CM . . .
. Volume XXIV Number 28. . . .March 23, 2018
Up in Arms.
Amanda Spottiswoode. Illustrated by Molly March.
Victoria, BC: Heritage House, 2017.
174 pp., trade pbk. & ebook., $12.95 (pbk.), $9.99 (ebook).
ISBN 978-1-77203-202-4 (pbk.), ISBN 978-1-77203-203-1 (ebook).
Grades 3-6 / Ages 8-11.
Review by Todd Kyle.
“I wasn’t born yet when they were still going on,” chipped in Joe, “but I’ve heard about some of the big ones. They’d go on for days, and the masks and costumes and dances and songs were fantastic. I wish I’d seen them.”
“Why don’t they happen anymore?” asked Sophie.
Eddie paused before answering and looked around him as if he could conjure up a great potlatch from the dusty and dim corners of the longhouse.
“That,” he said, “is a very good question. The last potlatch here was almost twenty years ago when we were raided by the police and the Indian agent. They were illegal, see, and we had broken the law by holding one.”
In this third adventure about the Phillips and MacTavish children and the MacTavish’s uncle Bert, aka Captain Gunn, the children once again travel to Canada, this time to avoid danger in the United Kingdom as World War II intensifies. During their school break, the group spends time at the home of Cougar Annie while the captain is doing top secret work for the Canadian war effort. Rescued from a dangerous boat ride by Indigenous boys from the nearby reservation, they are angered when they learn of the ban on the potlatch and the subsequent confiscation of the community’s sacred masks. Spotting one of the masks at the home of the local RCMP commander, the kids steal the artifact and enlist the captain and his pilot friend to return it to its rightful owners.
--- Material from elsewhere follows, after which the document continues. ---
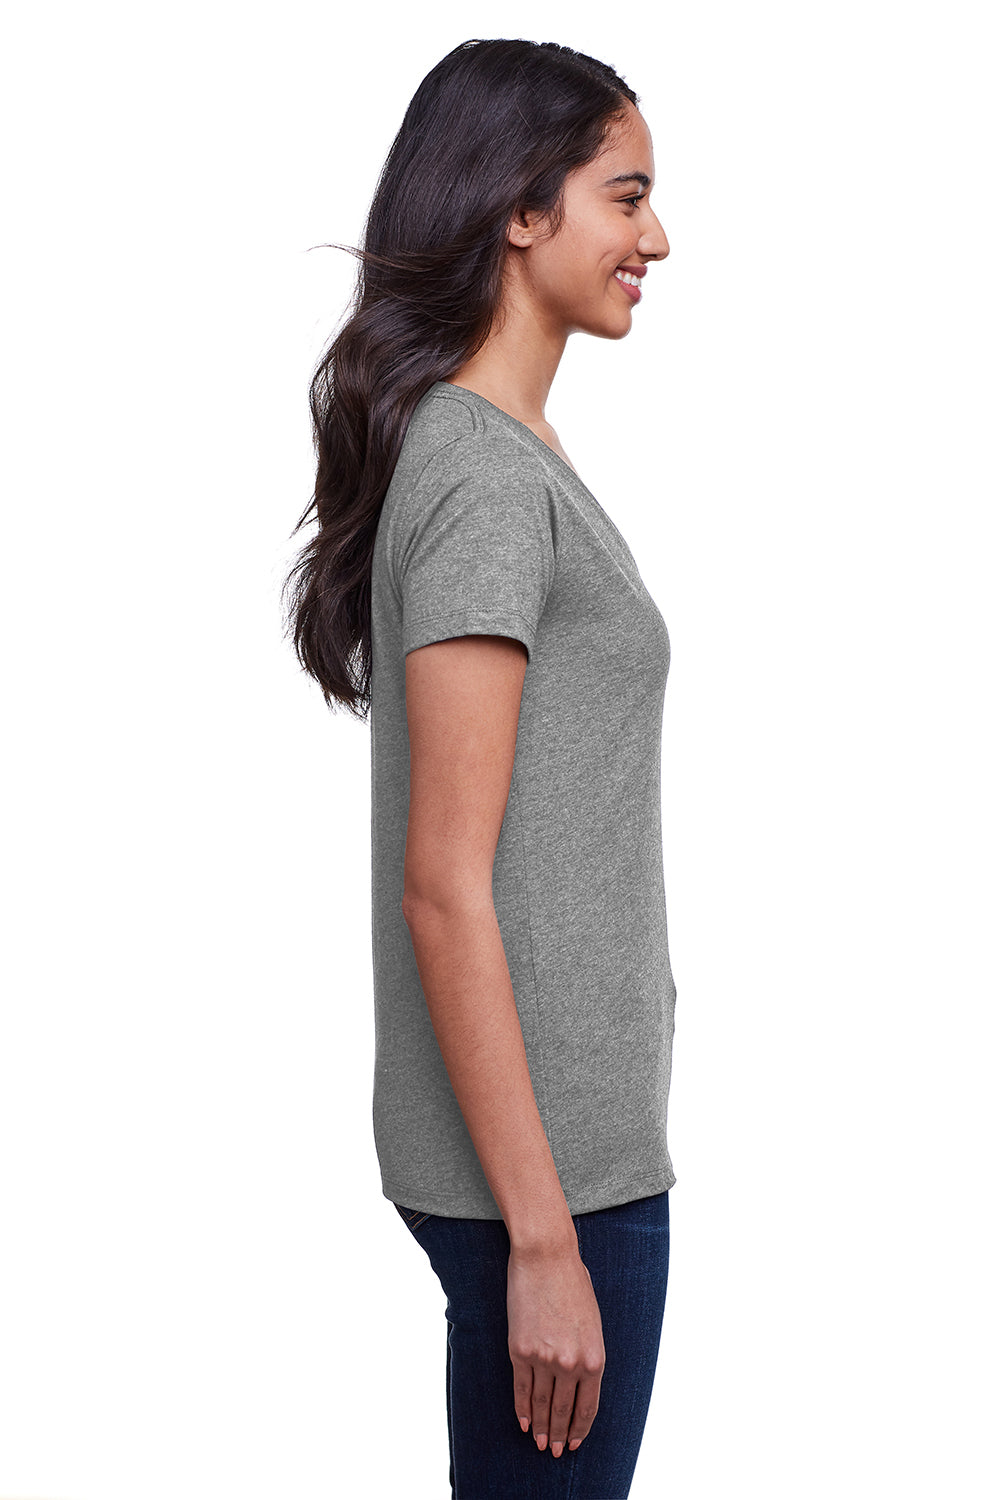 Next Level N4240 Womens Eco Performance Moisture Wicking Short Sleeve V-Neck T-Shirt Heather Dark Grey Side

Returning from their clandestine affair to Victoria, the pilot suffers an asthma attack, and it falls to novice pilot Sophie to land the plane.
As with the previous books, Up in Arms is filled with intricate details of the geography of the West Coast of Canada and of the skills of boating, with a special emphasis on aircraft piloting, especially float planes. The text flows well and keeps the reader’s interest as the kids (most of them now teens) develop their characters and pursue their interests and dreams. But the most interesting aspect here is the spotlight on Indigenous nations, their historical mistreatment, and the feelings of non Indigenous Canadians towards them. The description of the loss of the potlatch, the condescending attitude of the local priest and his housekeeper, and the dismissive stance of the police are well-illuminated, making this a timely work in today’s era of reconciliation.
As with the rest of the series, however, it is to some degree overdone. The young characters and the captain are incensed by the loss of Indigenous tradition in a way that few white Canadians were at that time. The characters frequently use the word “Indigenous” to describe the native peoples, a habit that is more of our century than theirs (it is even capitalized in the text). The prodigy of the characters is not limited to this issue, either. The youngest, Posy, is queasy at the sight of a cougar being killed when it invades Annie’s goat pen, but she consoles herself with thoughts about the “delicate and sometimes painful relationship between humans and animals”. The children are all incredibly accomplished (e.g. Sophie’s earning of her pilot’s license) and resourceful almost beyond belief. The adults, too, seem prescient beyond their years—Mrs MacTavish is described as being motivated to send the kids to Canada partly out of her fear, having heard about the treatment of Jews in Germany, that her kids are in special danger, being one quarter Jewish.
While occasionally seeming to take ever greater pains to seem sensitive and on the right side of history, the book does illuminate the historical context by doing so. In one scene, Molly rages to the captain that having the potlatch banned is for the Indigenous what having Sunday sing alongs made illegal would be like for her family—except much worse. And in an unusually subtle move, the group is greeted by the sight of a residential school when they visit the community where the mask belongs; the school’s significance is only hinted at.
The mask heist is better developed as the primary plot device than the plots in the other installments of the series, although there is still a lack of satisfaction in its conclusion. The reader may wonder why no consequences catch up to the group, not to mention why Captain Gunn, however reluctantly, agrees to participate if he is working for the Canadian government. Still, the slice of Canadian/British history set in the rich geography of B.C. and the incredible and largely sympathetic cast of characters continue to make this series both highly enjoyable and a great learning experience.
Todd Kyle is the CEO of the Newmarket Public Library in Ontario.